By any name or at any age, Anne Sander is quite a golfer. Sander, 50, won the Women’s Western Amateur Saturday 32 years after winning it for the first time as 18-year-old Anne Quast in 1956.

As Anne Quast, she also won the USGA Women’s Amateur in 1958. In 1961, she won it as Anne Quast Decker. In 1963, she won it as Anne Quast Welts.

Said Philadelphia’s Mike Schmidt after hitting the home run that tied him with Mickey Mantle on the all-time homer list and Joe DiMaggio on the RBI list: “Babe Ruth is the biggest name in baseball history, but after Ruth, you’d be hard pressed not to think of Mantle as the second greatest baseball man of all time. Granted, Henry Aaron and DiMaggio are among the top four or five, but ‘The Mick’ is a big one.”

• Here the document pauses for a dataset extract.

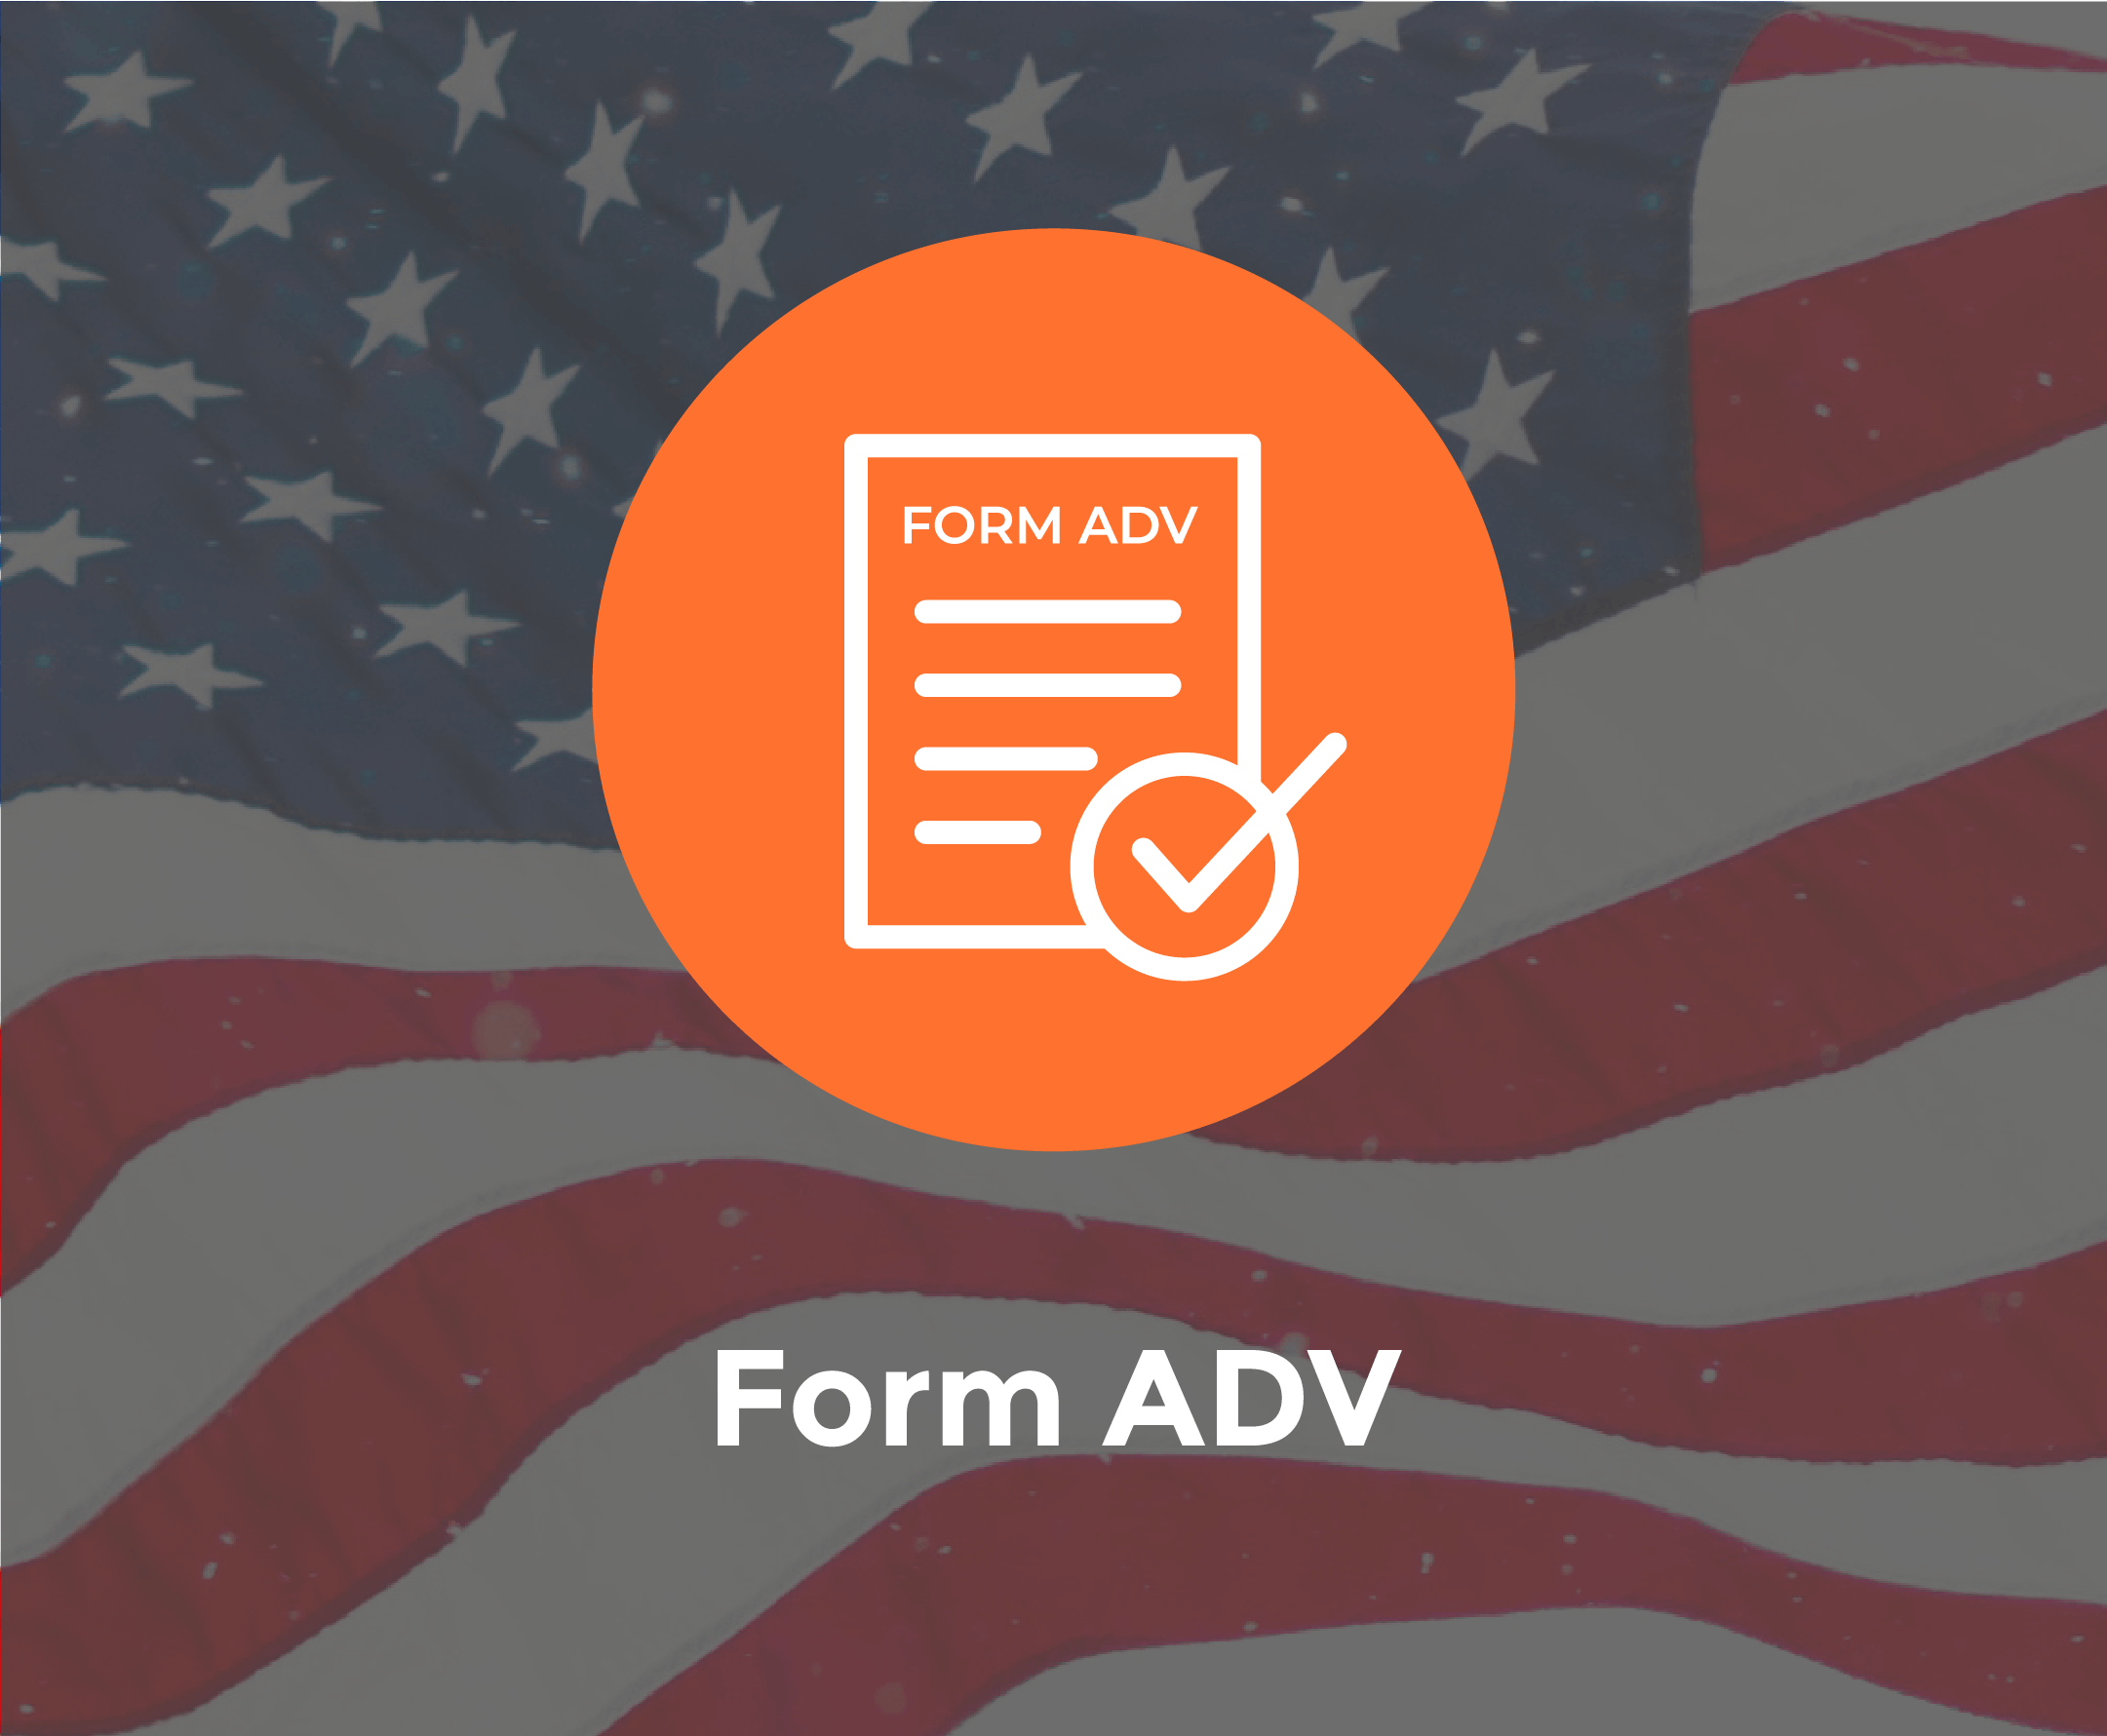 Form ADV

How about Ty Cobb? Or Willie Mays? Or Lou Gehrig? Or Rogers Hornsby? Or Ted Williams?

Mike might get some mail.

Trivia Answer: Both are the sons of Triple Crown winners--Secretariat in 1973 and Carl Yastrzemski in 1967.

Quotebook

Peter Jacobsen, after shooting a course-record 64 in the U.S. Open with a new putter: “‘I discovered that when you one-putt greens your score goes down.”